William’s research interests currently lie in climate mitigation, biochar, pyrogenic carbon capture and storage, hydrogen energy storage, green buildings, renewable energy production, decarbonization, decolonization and energy storage solutions for northern locations.
Action feels better than anxiety; William spends most of his time working or volunteering around climate.
Proudly Franco-Albertan, Chúk is passionate about the ways in which the environment impacts human health and the role of justice in our understanding of how our societies function. As a result of this passion, Chúk is very active in changemaking spaces in both Canada and at an international scale. His educational background centres the domains of environment science, chemistry, public health and medical geography. In his work as one of the founding directors of Future Ancestors Services, he focuses on environmental and climate justice, and outside of this work, he is involved in several boards, committees, conferences and movements to reimagine and recreate societal structures and systems for the well-being of all of our kin. Human and non-human.

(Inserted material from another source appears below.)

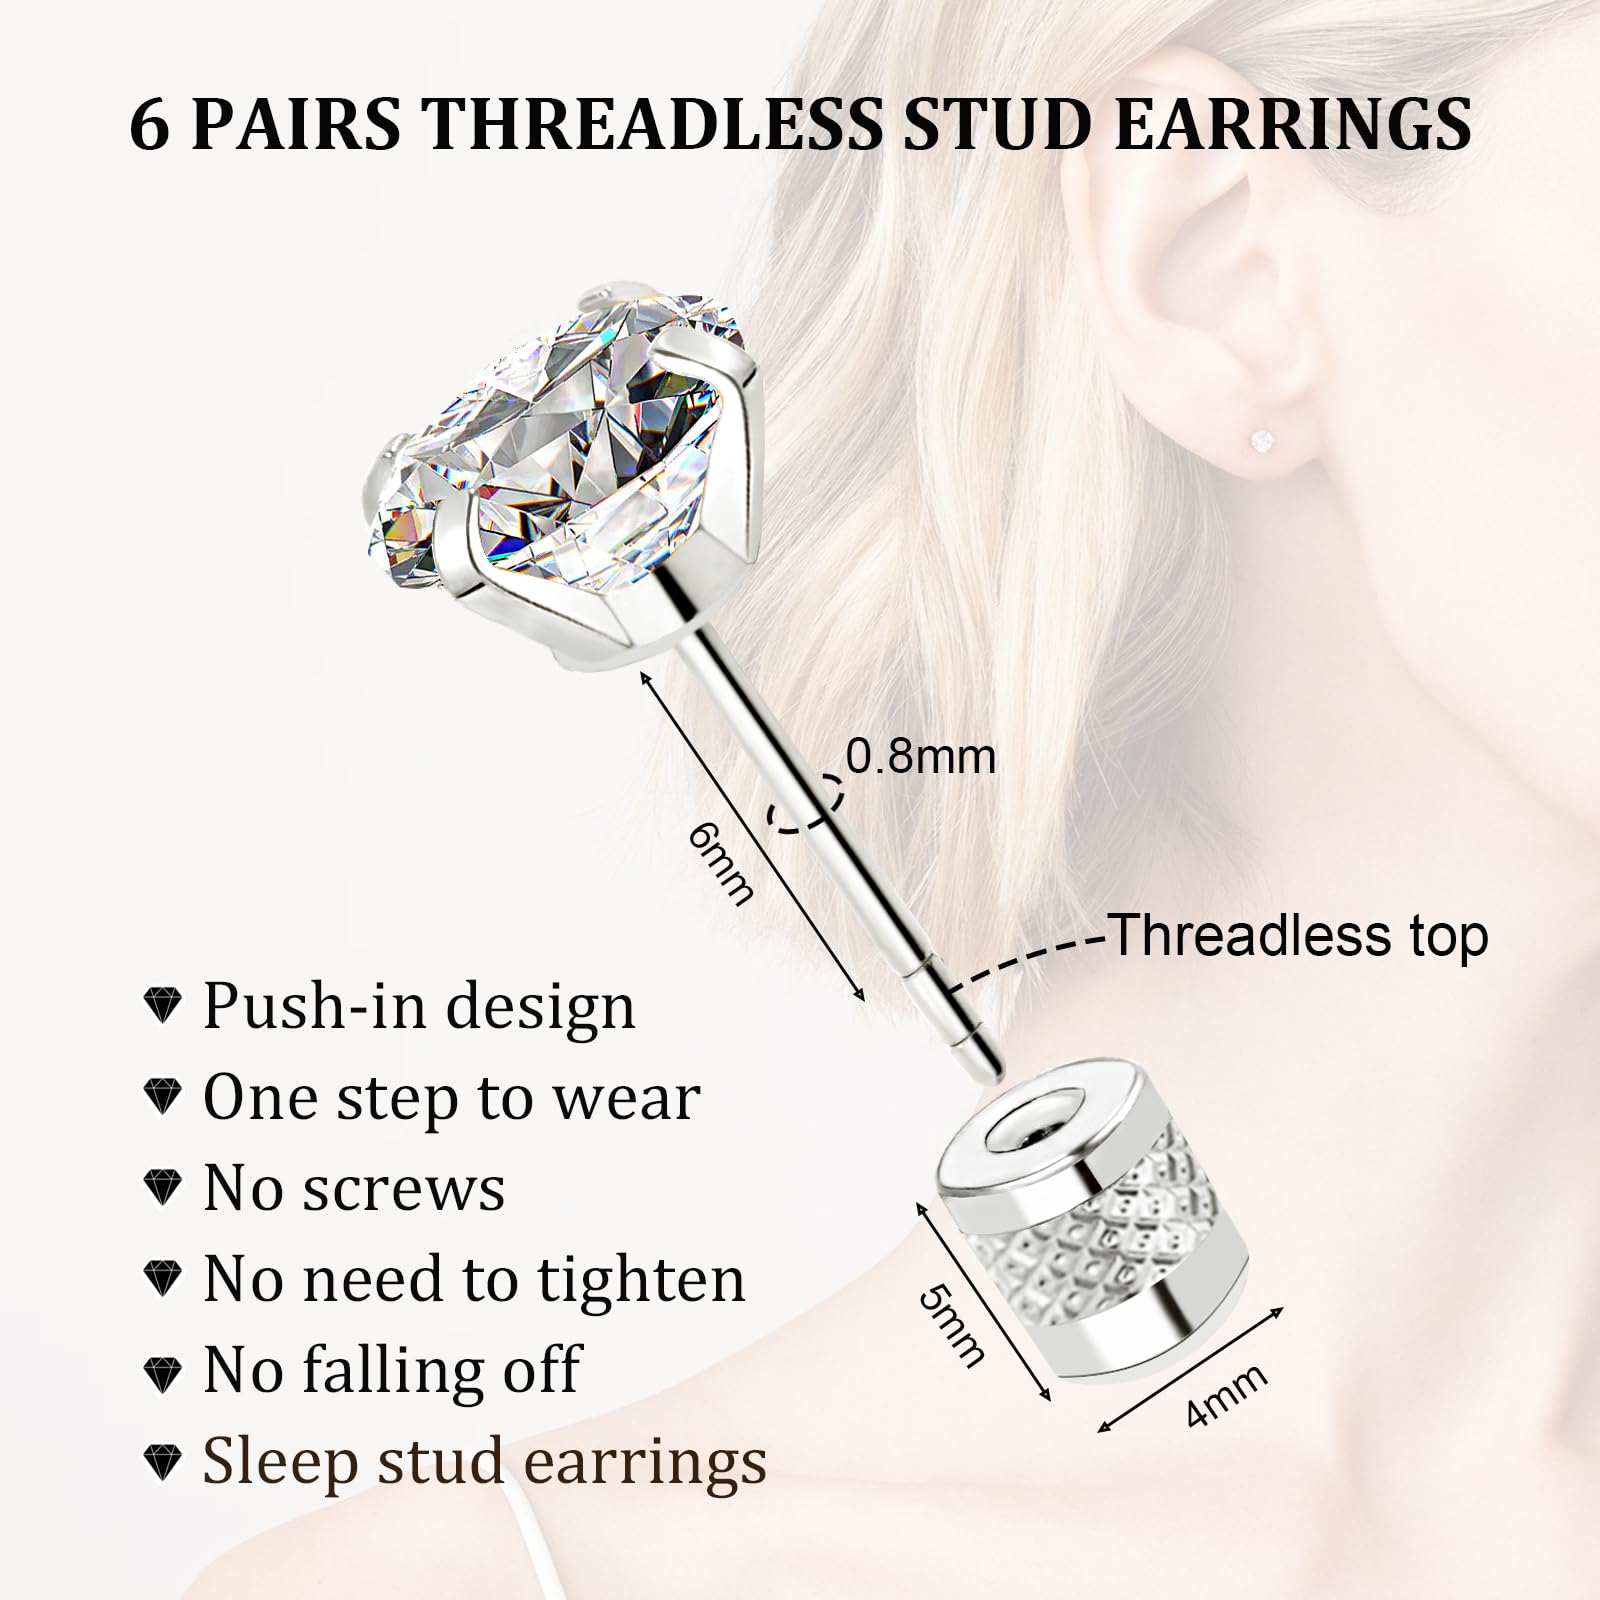 Threadless Flat Back Stud Earrings, 6 Pairs Titanium Hypoallergenic Earrings for Women Men, Cubic Zirconia Silver Gold Stud Earrings Surgical Stainless Steel Stud Earrings Set for Cartilage 2-8mm,
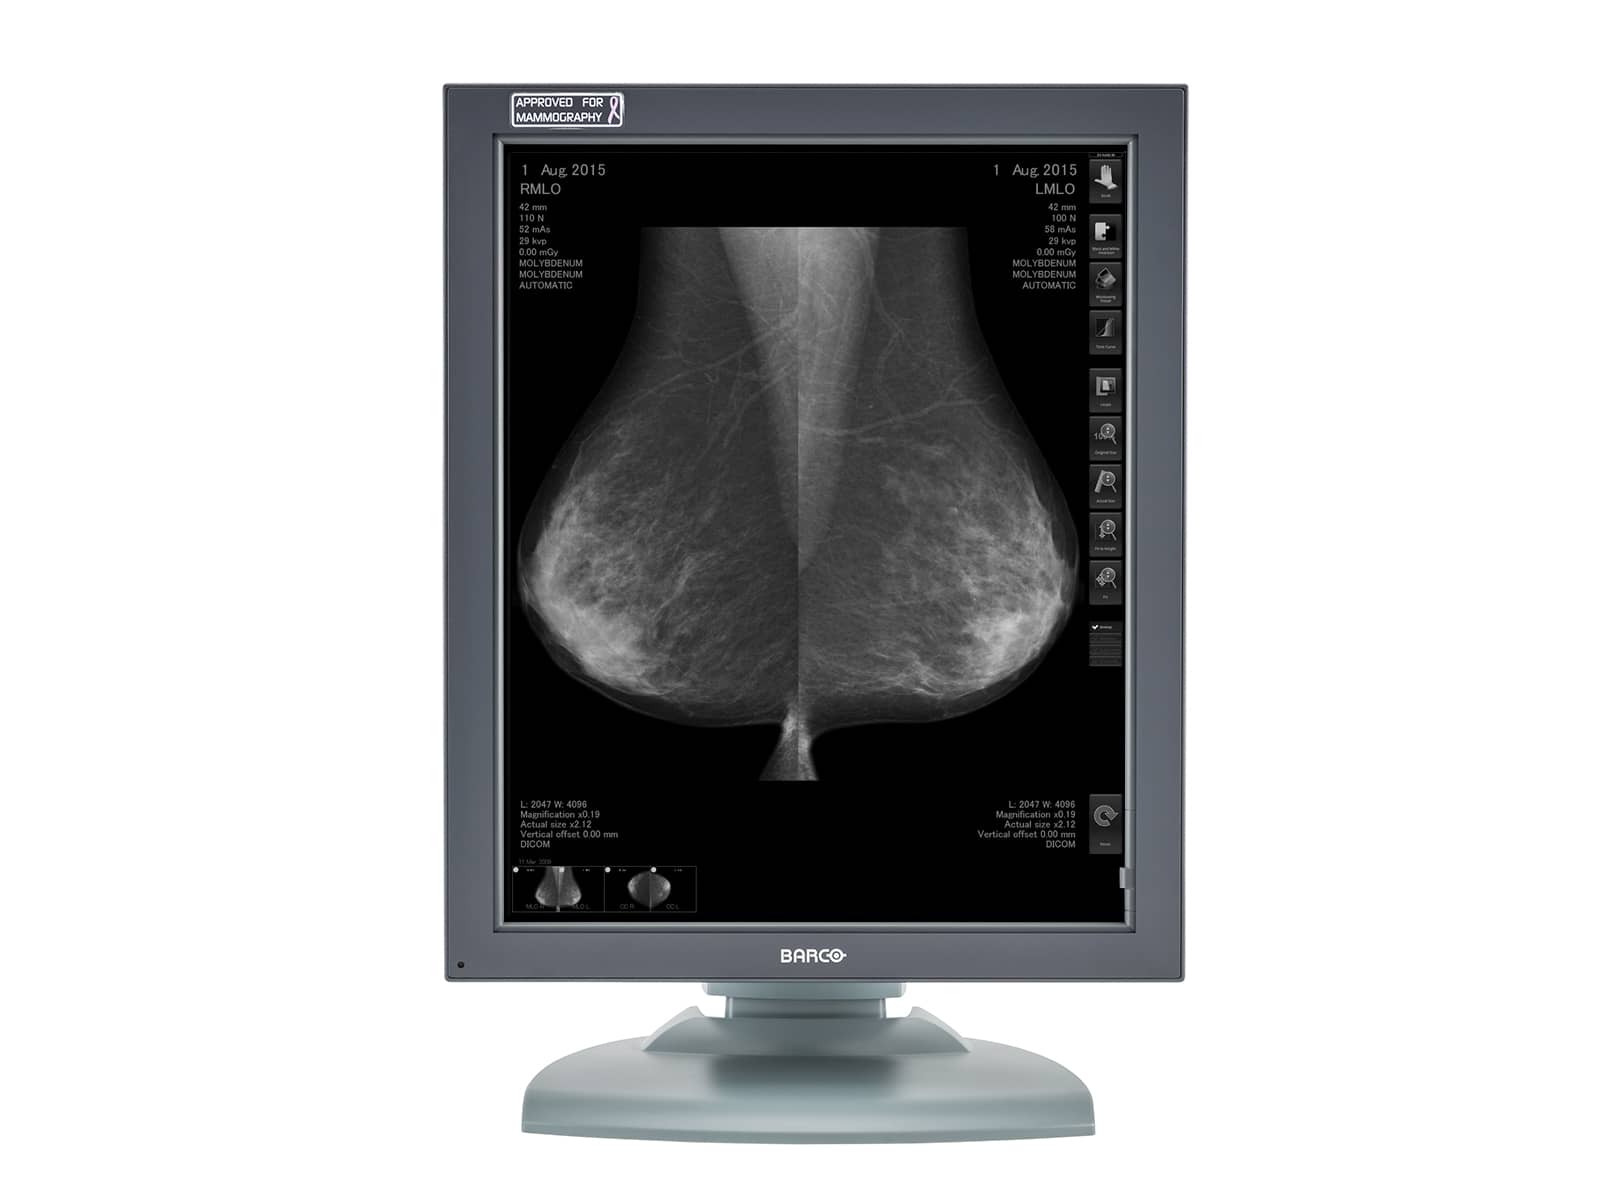 Barco Coronis MDMG-5121 Graustufen-Brustbildgebungs-PACS-Mammographie-Display (K9601259) Monitors.com

Chloe Dragon Smith is a young woman born and raised in Somba K’é (Yellowknife), Denendeh (NWT). Of German, Dënesųłiné, Métis, and French heritage, she grew up close to her Indigenous cultural values and learned traditional skills for living on the land. Her mother is Brenda Dragon, and her father is Leonard Smith, and her grandmother is Jane Dragon. The women and men of her maternal lineage lived, harvested, ate, shared, struggled, loved, and died on the Land in the boreal forests of northern Canada.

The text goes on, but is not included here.